As the four words that make high school students go into cardiac arrest, they can be engraved for people after the entrance exams, so the definition is no longer repeated, and the standard equations are directly jacked up to the graphs, which are respectively
In Python, drawing moving pictures requires the use of thematplotlib
hit the nail on the headanimation
package, its calling method and the parameters to be used next are
ani = (fig, func, frames, interval)
included among thesefig
is the drawing window.func
is a plotting function whose return value is an image.frames
is the iteration parameter, and if it is an integer, the iteration parameter will berange(frames)
。
ellipses
For plotting purposes, the parametric equations of the ellipse are
Code for:
# These three packages will not be repeated later in the program # import numpy as np import as plt import as animation a,b,c = 5,3,4 fig = (figsize=(12,9)) ax = fig.add_subplot(autoscale_on=False, xlim=(-a,a),ylim=(-b,b)) () line, = ([],[],'o-',lw=2) trace, = ([],[],'-', lw=1) theta_text = (0.02,0.85,'',transform=) textTemplate = '''theta = %.1f°\n lenL = %.1f, lenR = %.1f\n lenL+lenR = %.1f''' xs,ys = [], [] def animate(i): if(i==0): () () theta = i*0.04 x = a*(theta) y = b*(theta) (x) (y) line.set_data([-c,x,c], [0,y,0]) trace.set_data(xs,ys) lenL = ((x+c)**2+y**2) lenR = ((x-c)**2+y**2) theta_text.set_text(textTemplate % (180*theta/, lenL, lenR, lenL+lenR)) return line, trace, theta_text ani = (fig, animate, 157, interval=5, blit=True) ("") ()
hyperbola
The parametric equation of the hyperbola is
Let a = 4 , b = 3 , c = 5 then the code is as follows
a,b,c = 4,3,5 fig = (figsize=(12,9)) ax = fig.add_subplot(autoscale_on=False, xlim=(-c,16),ylim=(-12,12)) () line, = ([],[],'o-',lw=2) trace, = ([],[],'-', lw=1) theta_text = (0.01,0.85,'', transform=) textTemplate = '''t = %.1f\n lenL = %.1f, lenR = %.1f\n lenL-lenR = %.1f''' xs,ys = [],[] def animate(t): if(t==-3): () () x = a*(t) y = b*(t) (x) (y) line.set_data([-c,x,c], [0,y,0]) trace.set_data(xs,ys) lenL = ((x+c)**2+y**2) lenR = ((x-c)**2+y**2) theta_text.set_text(textTemplate % (t, lenL, lenL, lenL-lenR)) return line, trace, theta_text frames = (-3,3,0.05) ani = (fig, animate, frames, interval=5, blit=True) ("") ()
parabola
import numpy as np import as plt import as animation a,b,c = 4,3,5 p = 1 fig = (figsize=(12,9)) ax = fig.add_subplot(autoscale_on=False, xlim=(-0.6,4.5),ylim=(-3,3)) () ([-p/2,-p/2],[-5,5],'-',lw=2) line, = ([],[],'o-',lw=2) trace, = ([],[],'-', lw=1) theta_text = (0.05,0.85,'', transform=) textTemplate = '''y = %.1f\n lenL = %.1f, lenF = %.1f\n lenL-lenF = %.1f''' xs,ys = [],[] def animate(y): if(y==-3): () () x = y**2/p/2 (x) (y) line.set_data([-p,x,p/2], [y,y,0]) trace.set_data(xs,ys) lenL = x+p/2 lenF = ((x-p/2)**2+y**2) theta_text.set_text(textTemplate % (y, lenL, lenF, lenL-lenF)) return line, trace, theta_text frames = (-3,3,0.1) ani = (fig, animate, frames, interval=5, blit=True) ("") ()

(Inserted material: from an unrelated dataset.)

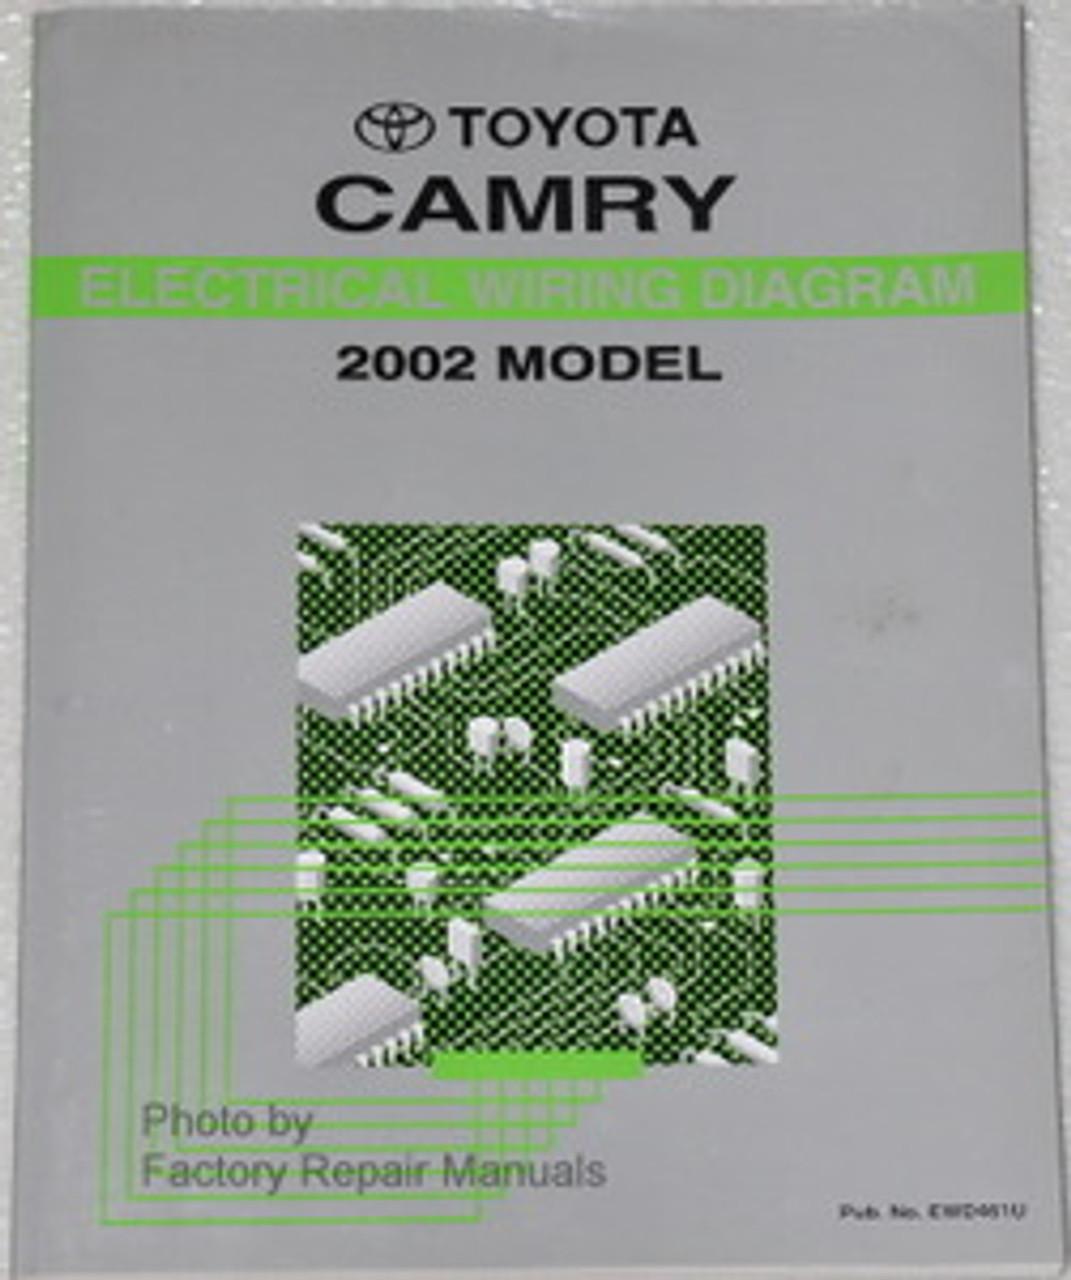 1997 Toyota Camry Radio Wiring Harness from cdn11.bigcommerce.com

polar coordinate equation (math.)
The conic curve has the same expression in the polar coordinate system, i.e.
existmatplotlib
In this case, the polarized image needs to be passed through theprojection='polar'
to identify it with the code
p = 2 fig = (figsize=(12,9)) ax = fig.add_subplot(autoscale_on=False, projection='polar') ax.set_rlim(0,8) trace, = ([],[],'-', lw=1) theta_text = (0.05,0.95,'',transform=) textTemplate = 'e = %.1f\n' theta = (-3.1,3.2,0.1) def animate(e): rho = p/(1-e*(theta)) trace.set_data(theta,rho) theta_text.set_text(textTemplate % e) return trace, theta_text frames = (-2,2,0.1) ani = (fig, animate, frames, interval=100, blit=True) ("") ()
Above is Python using matplotlib to draw dynamic conic curve example of the details, more information about matplotlib to draw dynamic conic curve please pay attention to my other related articles!